Der Tornado entstand an einem Tag mit kräftigen Höhenwinden, auch die starken Gewitter am Folgetag. Das Unwetter im Waldviertel mit 3cm Hagel und Überflutungen war ebenso an kräftige Höhenwinde gebunden. Selbst die Gewitter im Most- und Waldviertel hatten eine signifikante Zuggeschwindigkeit. Da war also Dynamik im Spiel, das unterscheidet sie von Wetterlagen in Jahren wie 2014,2016,2017, also Gewitter mehrere Stunden im gleichen Gebiet niederregneten. In meinen Augen ein Ereignis innerhalb der natürlichen Variabilität.

[…]
Der Klimaexperte stellte jedoch fest, dass die Feuchtigkeit aus dem Boden bei der Gewitterbildung eine erhebliche Rolle spielt: „Sind die Böden bereits feucht, steigt die Neigung zur Bildung von Regenschauern und Gewittern. Gerade bei Wetterlagen mit geringen Luftdruckgegensätzen reagieren Sommergewitter sehr deutlich auf die lokale Verdunstung.“ Solange dieses Muster nicht durch eine andere Wetterlage nachhaltig unterbrochen werde, könnten sich feuchte Wetterphasen – genauso wie trockene bei wenig Niederschlag – selbst verstärken und verlängern, sagt Klimaforscher Pistotnik.

Vor knapp sechs Wochen noch waren die Verhältnisse umgekehrt, nämlich die Böden alle extrem trocken. Die Rolle der lokalen Verdunstung ist seit langem bekannt unter dem Stichwort Evapotranspiration.

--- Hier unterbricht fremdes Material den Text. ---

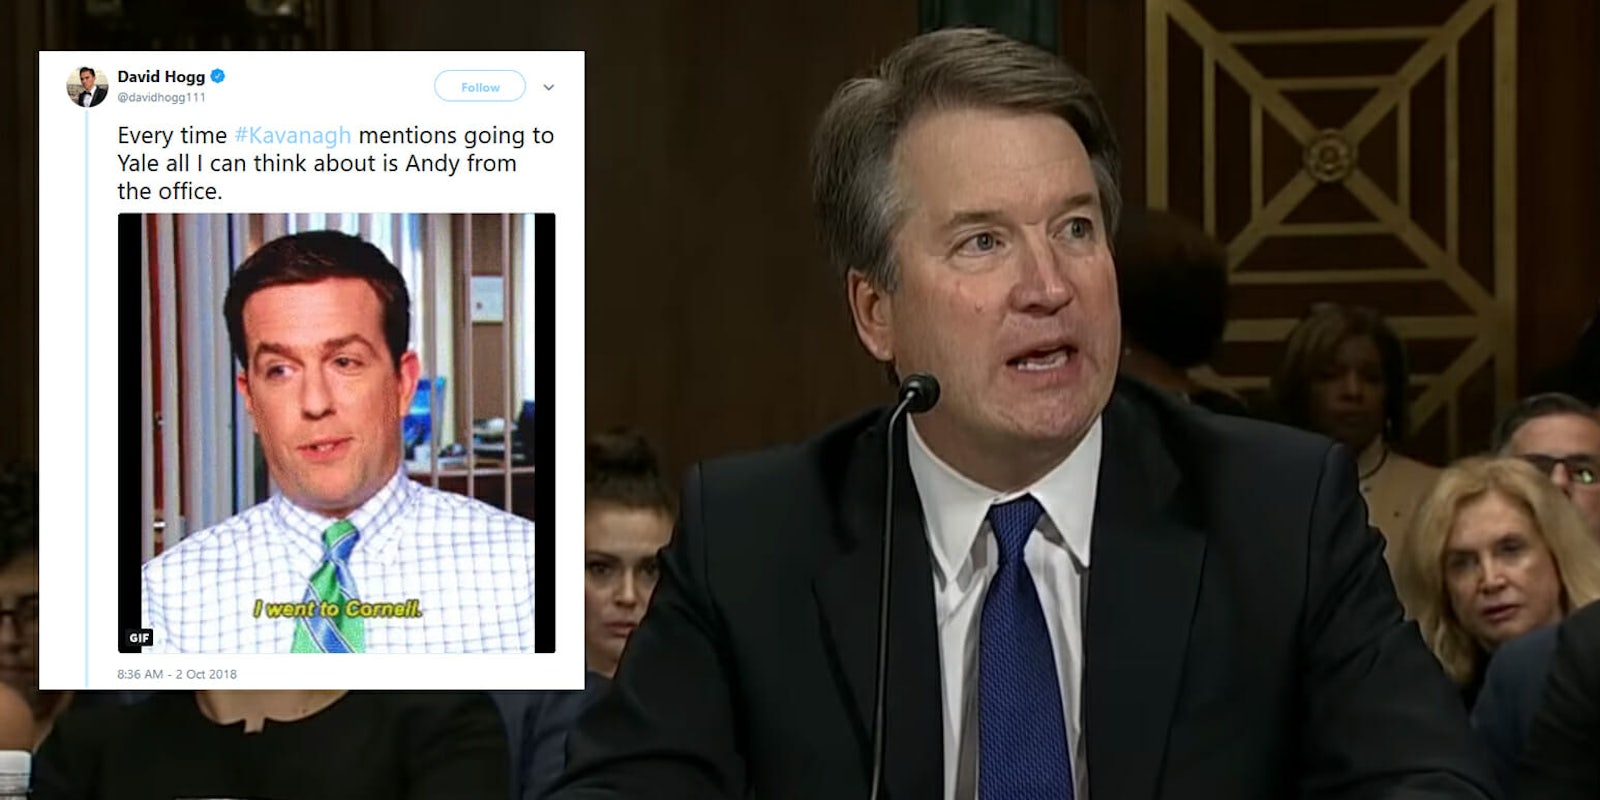 Parkland survivor David Hogg compared Supreme Court nominee Brett Kavanaugh to Andy Bernard from 'The Office' on Tuesday.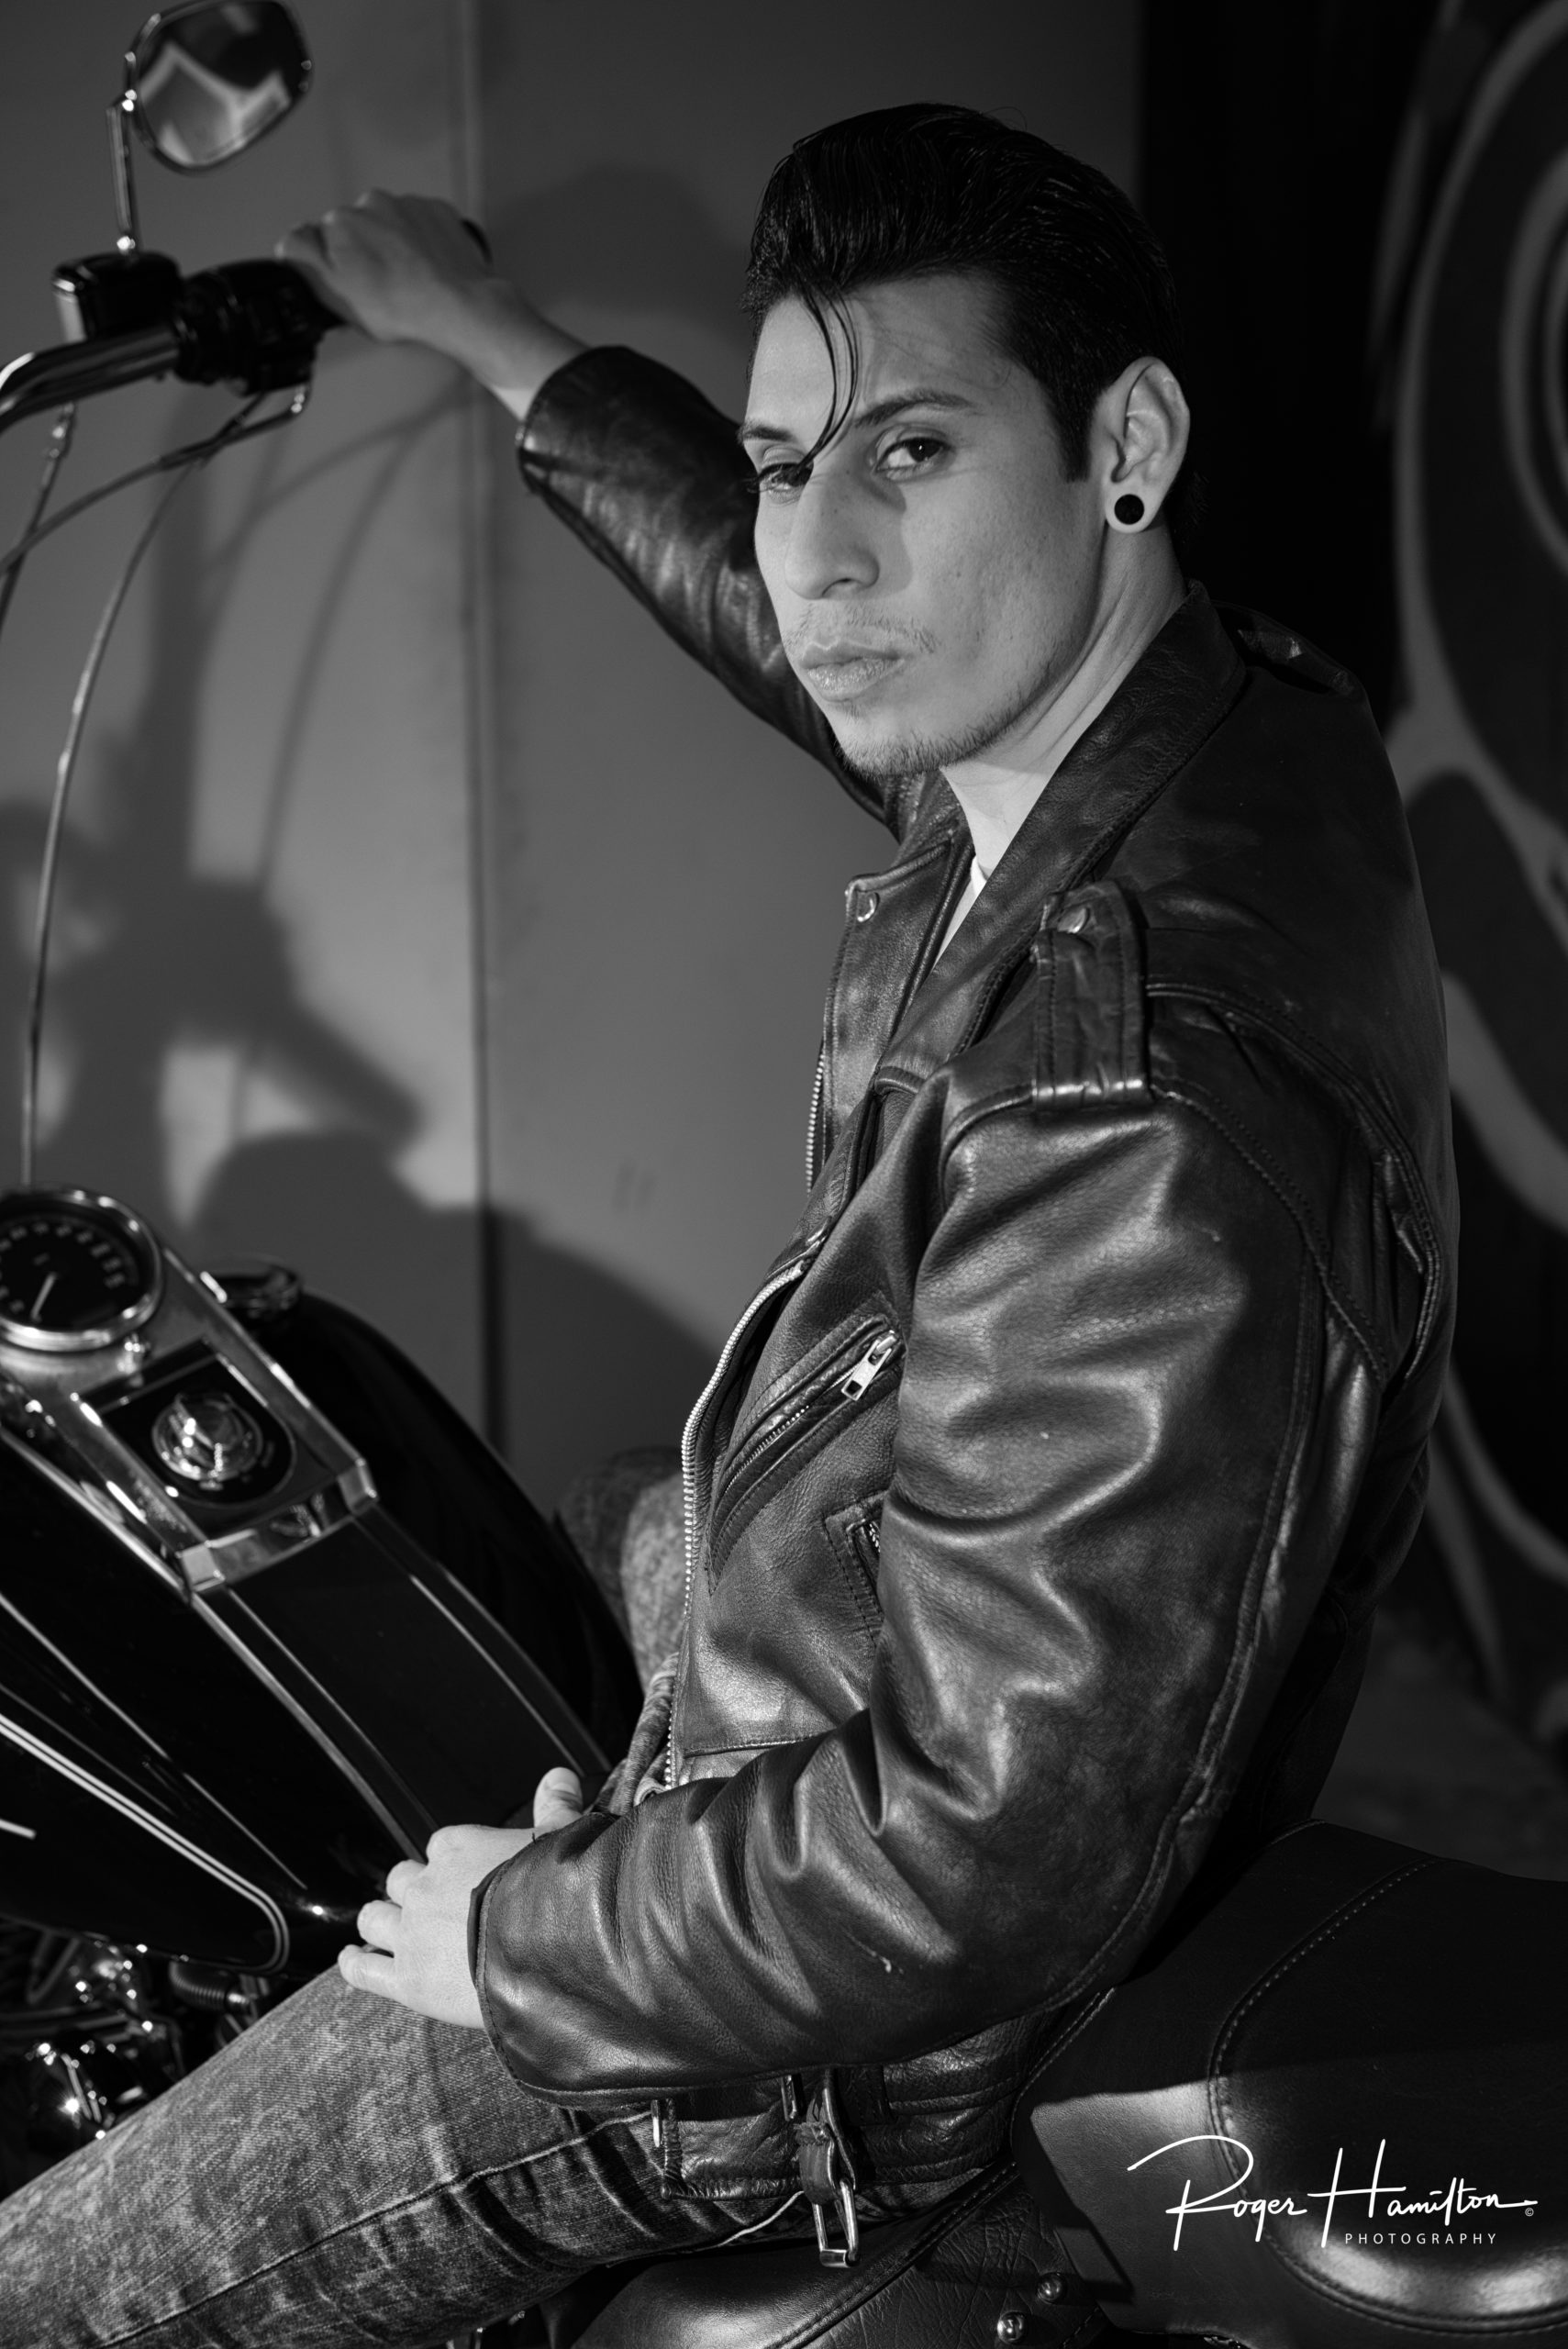 Jayson on a Harley in his Rockabilly style

Das mag die kräftigen Gewitter im Oberen Waldviertel erklären, die am Sonntag, 7.6., das zweite mal innerhalb von 24 Stunden getroffen wurden, nicht aber im Mostviertel, wo es erstmals derartig heftige Niederschläge gab.

Laut Pistotnik muss aber zwischen dem meteorologischen Risiko und den Auswirkungen und Schäden unterschieden werden: „Denn die zunehmende Versiegelung von Flächen und die Verdichtung des Bodens in landwirtschaftlichen Nutzflächen erhöhen den Anteil des Wassers, der sofort oberflächlich abfließt.“

Darauf habe ich in meinem letzten Eintrag auch hingewiesen.

Und die öffentliche Wahrnehmung derartiger Ereignisse sei höher als früher, sagt der Klimaforscher, „da mittels Smartphone binnen Sekunden Fotos und Videos in Sozialen Netzwerken geteilt und von den Medien aufgegriffen werden.“

Richtig. Das betrifft sowohl Großhagelereignisse, Sturzfluten als auch Tornados.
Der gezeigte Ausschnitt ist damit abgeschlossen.